X = hstack([X_word, X_char, X_meta])
X_test = hstack([X_test_word, X_test_char, X_test_meta])

X = csr_matrix(X)
X_test = csr_matrix(X_test)
y = df_train['rule_violation'].values


In [6]:
from sklearn.model_selection import StratifiedKFold
from sklearn.metrics import roc_auc_score
from lightgbm import LGBMClassifier
import numpy as np

skf = StratifiedKFold(n_splits=5, shuffle=True, random_state=42)
oof_preds = np.zeros(len(df_train))
test_preds = np.zeros(len(df_test))

for fold, (train_idx, val_idx) in enumerate(skf.split(X, y)):
    X_tr, X_val = X[train_idx], X[val_idx]
    y_tr, y_val = y[train_idx], y[val_idx]

    model = LGBMClassifier(n_estimators=500, learning_rate=0.05, random_state=fold)
    model.fit(X_tr, y_tr)

    oof_preds[val_idx] = model.predict_proba(X_val)[:, 1]
    test_preds += model.predict_proba(X_test)[:, 1] / skf.n_splits

    score = roc_auc_score(y_val, oof_preds[val_idx])
    print(f"Fold {fold+1} AUC: {score:.4f}")

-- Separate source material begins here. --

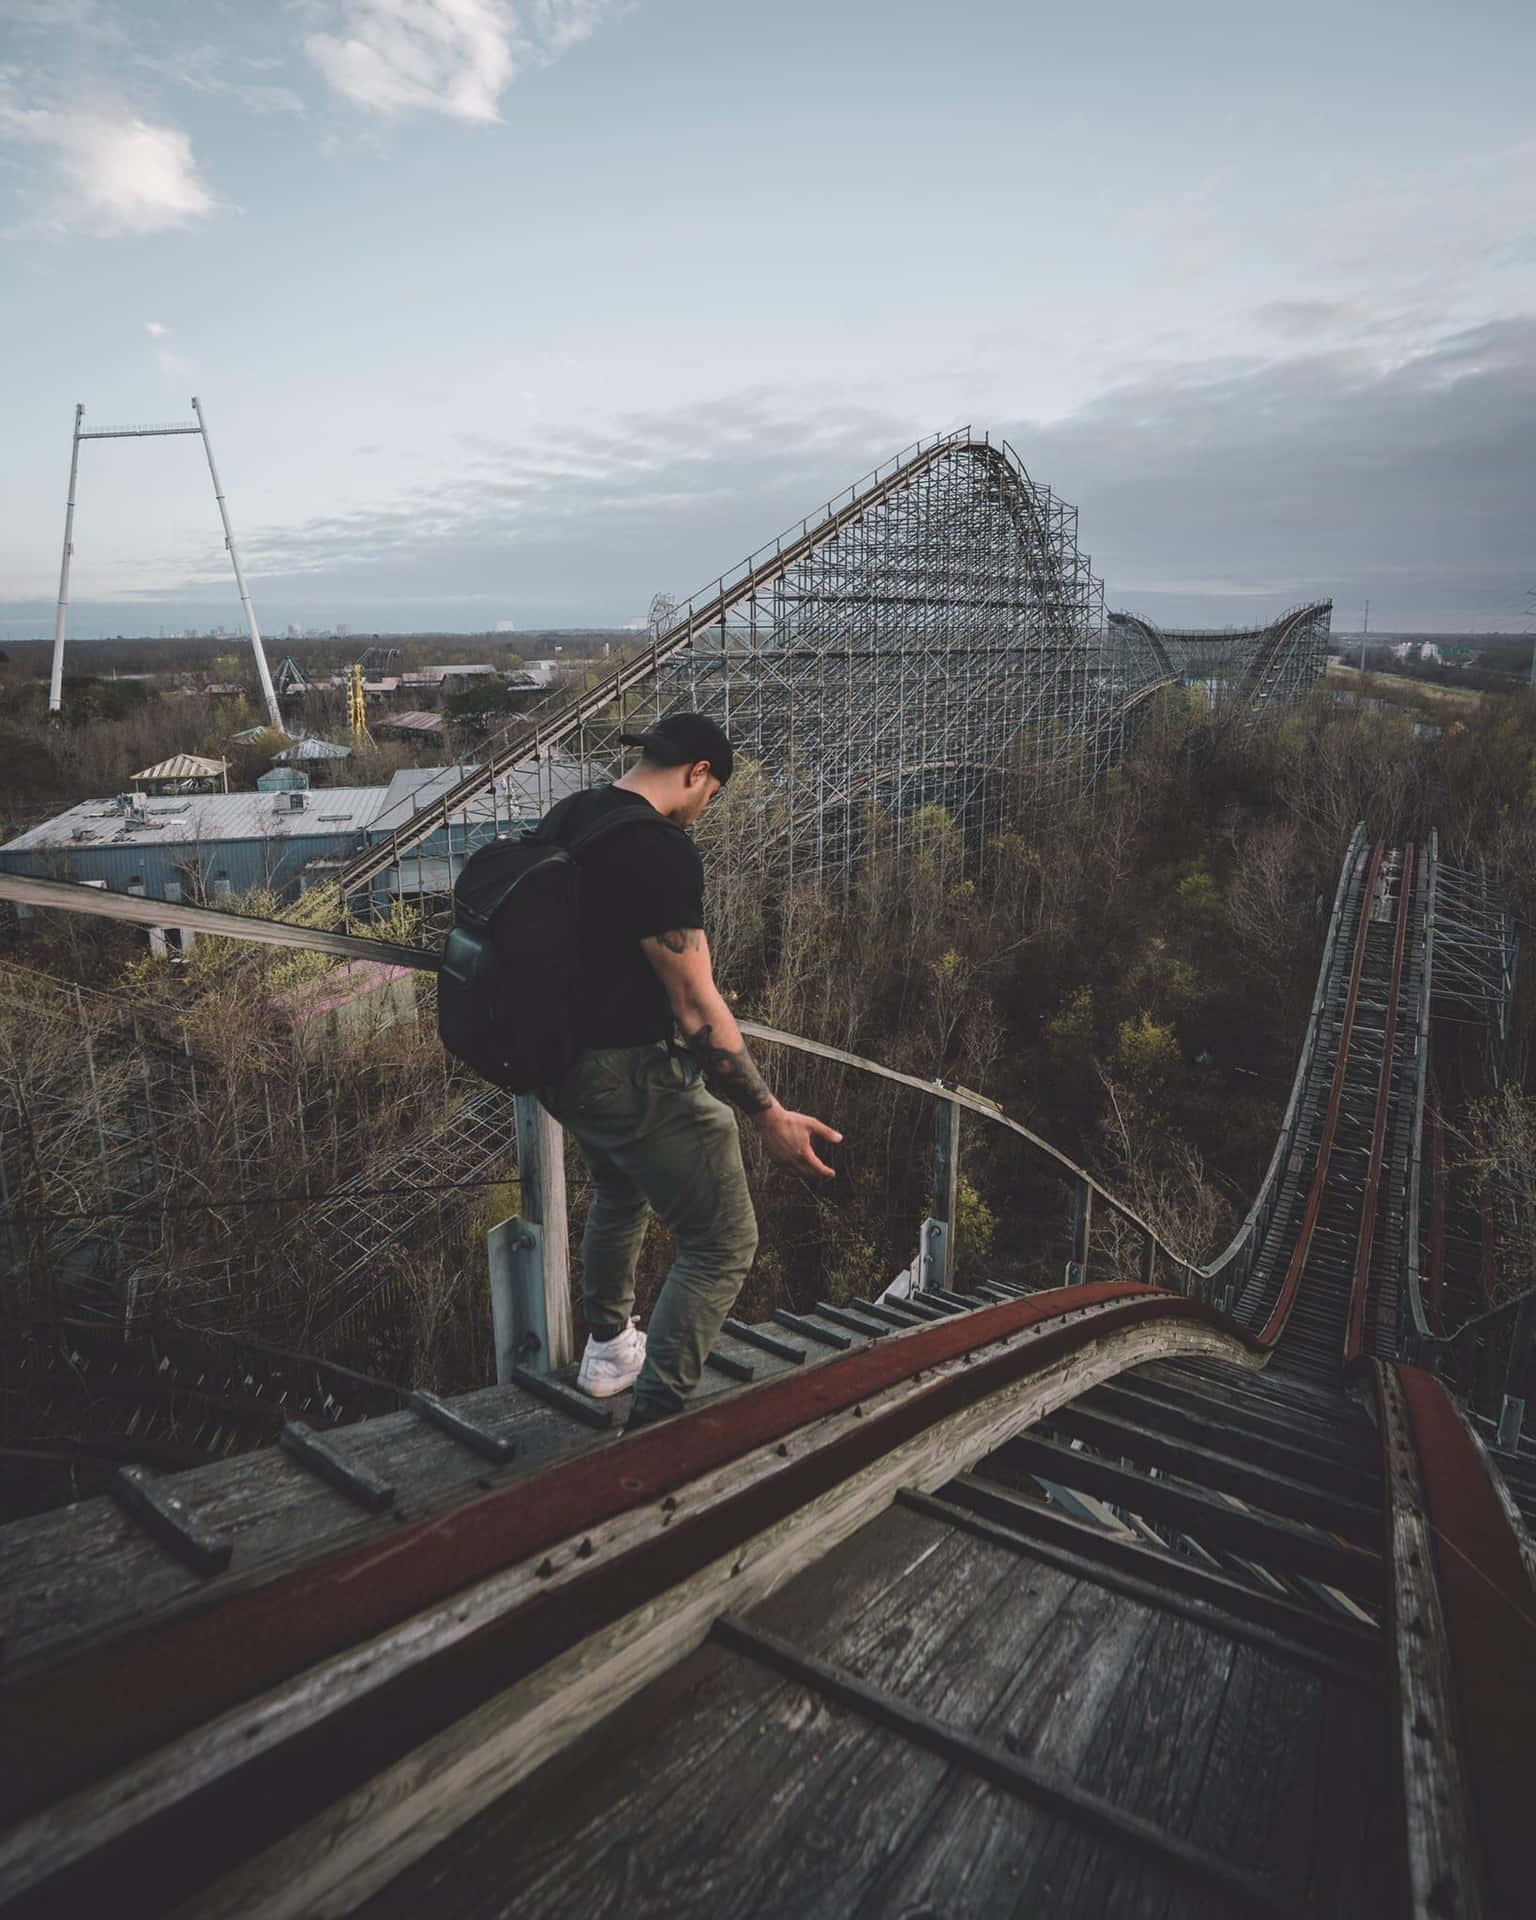 Fun and Thrills Await at Six Flags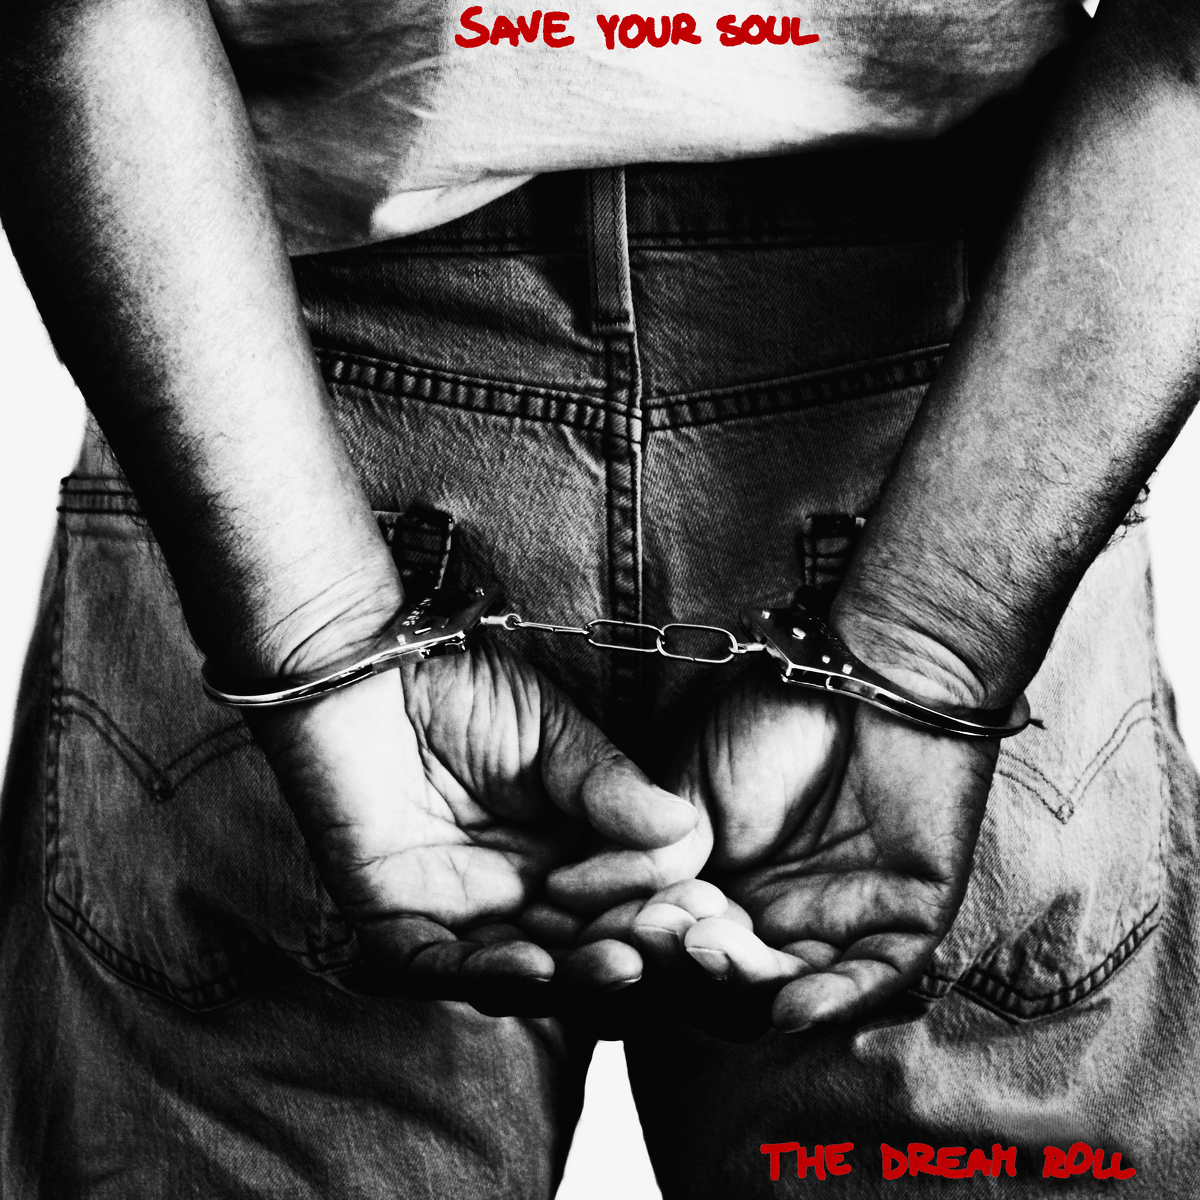 Rock ‘n Roll Is Making A Comeback with The Dream Roll’s Save Your Soul EP 1

print("\n✅ Mean OOF AUC:", roc_auc_score(y, oof_preds))


[LightGBM] [Info] Number of positive: 742, number of negative: 718
[LightGBM] [Info] Auto-choosing row-wise multi-threading, the overhead of testing was 0.037361 seconds.
You can set `force_row_wise=true` to remove the overhead.
And if memory is not enough, you can set `force_col_wise=true`.
[LightGBM] [Info] Total Bins 53912
[LightGBM] [Info] Number of data points in the train set: 1460, number of used features: 2950
[LightGBM] [Info] [binary:BoostFromScore]: pavg=0.508219 -> initscore=0.032880
[LightGBM] [Info] Start training from score 0.032880
Fold 1 AUC: 0.8229
[LightGBM] [Info] Number of positive: 742, number of negative: 719
[LightGBM] [Info] Auto-choosing row-wise multi-threading, the overhead of testing was 0.036407 seconds.
You can set `force_row_wise=true` to remove the overhead.
And if memory is not enough, you can set `force_col_wise=true`.
[LightGBM] [Info] Total Bins 54766
[LightGBM] [Info] Number of data points in the train set: 1461, number of used features: 2987
[Ligh

In [7]:
submission = pd.DataFrame({
    'row_id': df_test['row_id'],
    'rule_violation': test_preds
})
submission.to_csv("submission.csv", index=False)
print("✅ submission.csv başarıyla oluşturuldu.")


✅ submission.csv başarıyla oluşturuldu.